Meralgia paresthetica (MP) is a neuropathy of the lateral femoral cutaneous nerve (LFCN) characterized by burning pain, numbness, and dysesthesia over the anterolateral aspect of the thigh(1). Because the LFCN is a purely sensory nerve, its impairment often causes considerable discomfort without motor deficits, making the condition both bothersome and frequently underrecognized. MP is among the most common mononeuropathies of the lower limb, with an estimated incidence of 3.4–4.3 cases per 10,000 person-years, typically affecting individuals between the fourth and sixth decades of life(2). Several predisposing factors may contribute to LFCN injury along its course from the lumbar plexus to the thigh, including obesity, pregnancy, diabetes mellitus, and a variety of surgical or interventional procedures such as pelvic or spine surgery, iliac bone graft harvesting, femoral artery catheterization, cesarean section, and appendectomy(3). Although MP has been known for more than a century – first described by Bernhardt in 1878 and subsequently termed “meralgia paresthetica” by Roth – its diagnosis remains challenging, and many cases go unrecognized despite classic symptoms(4). Clinical evaluation relies on history and physical examination, including the pelvic compression test, neurodynamic testing, and Tinel’s sign(5). Electrophysiological studies, such as electromyography and somatosensory evoked potentials, may support the diagnosis, while magnetic resonance imaging (MRI) is currently considered the most accurate imaging modality for assessing neuropathies(6). Advanced MRI techniques, including diffusion tensor imaging, offer quantitative insights into nerve integrity and may detect both acute injury and recovery-related changes(7).
Conservative therapy is usually the first-line approach and includes physical therapy, weight reduction when appropriate, and non-steroidal anti-inflammatory medications. In patients who do not respond to these measures, ultrasound-guided injection of local anesthetics and steroids targeting the LFCN can provide significant symptom relief(8).

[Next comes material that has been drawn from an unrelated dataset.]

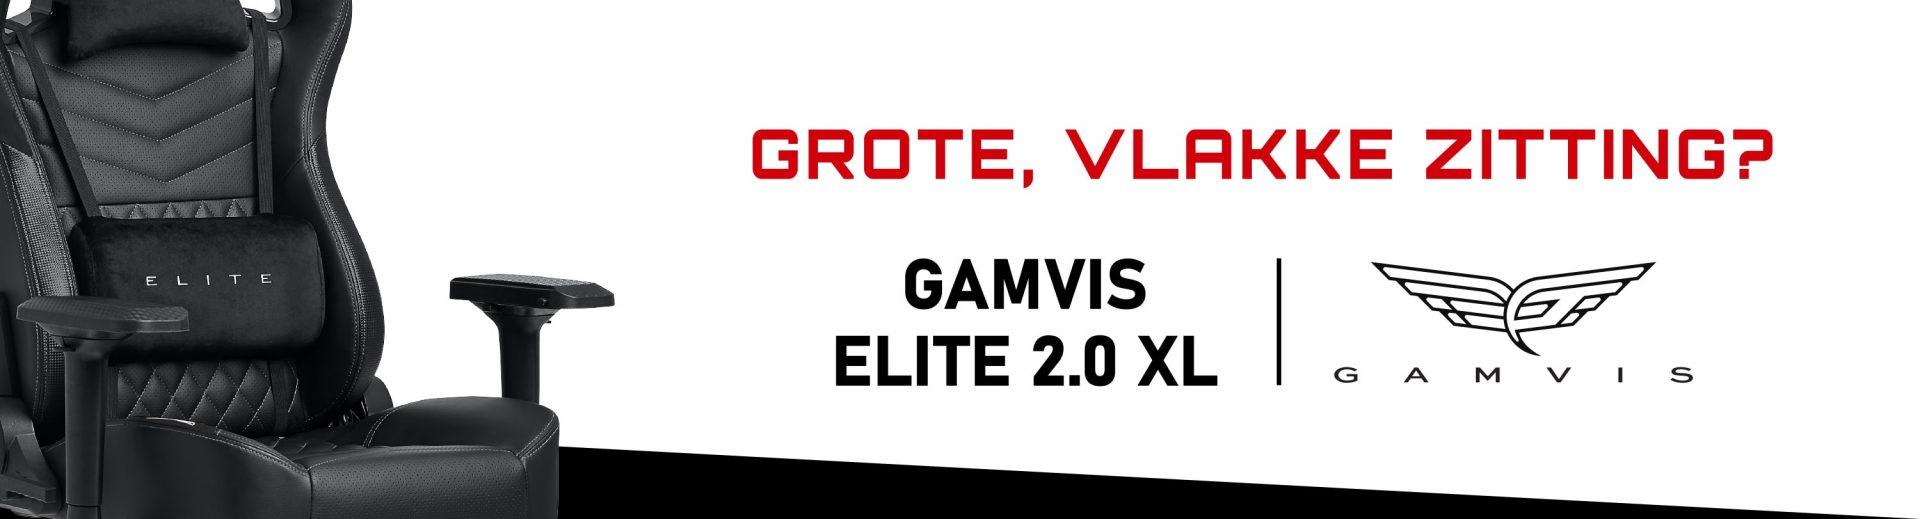 LARGE FLAT SEAT Elite NL-min

The LFCN is a purely sensory branch of the lumbar plexus, most commonly arising from the posterior divisions of the L2–L3 spinal nerve roots. After emerging from the lateral border of the psoas major, it travels obliquely across the iliacus muscle, situated between layers of the iliac fascia, and courses toward the anterior superior iliac spine (ASIS)(9). In its distal abdominal trajectory, the LFCN is crossed by the deep circumflex iliac vessels before entering an aponeurotic–fascial tunnel, also referred to as the iliopubic tract. This region, composed of fascial extensions of the abdominal wall and the iliac fascia, is anatomically complex, and differing descriptions in the literature have contributed to inconsistencies between anatomic and radiologic accounts.
As it approaches the inguinal ligament (IL), the LFCN displays substantial variability. In most cases, the nerve passes medial to the ASIS and deep to the IL. A large review by Tomaszewski et al. reported a mean distance of approximately 19 mm from the ASIS, although wider ranges, from as little as 6 mm to more than 70 mm, have been documented(9). Other studies have described distances spanning 0–40 mm, reflecting how closely the nerve may run to the bony prominence; in some cases, it may lie immediately adjacent to the ASIS(10). This proximity has been associated with increased susceptibility to compression or traction injuries, and case–control studies have shown that patients with meralgia paresthetica often present with a shorter nerve–ASIS distance than asymptomatic individuals(11). At the level of the IL and ASIS, multiple exit variants have been described. Tomaszewski et al. identified four main zones of exit relative to the ASIS(9):
Medial to the ASIS and below the IL, the most common configuration (over 70%).
Medial to the ASIS and above the IL.
Directly over the ASIS.
Lateral to the ASIS, the rarest variant, observed in fewer than 1% of cases.
Similarly, Aszmann and colleagues proposed a classification based on anatomic relationships to the IL, ASIS, and adjacent musculature(4,12). Their five-type system includes (Fig. 1):
Type A (4%): nerve located posterior to the ASIS.
Type B (27%): nerve passing through the substance of the IL.
Type C (23%): nerve coursing within the tendinous origin of the sartorius muscle.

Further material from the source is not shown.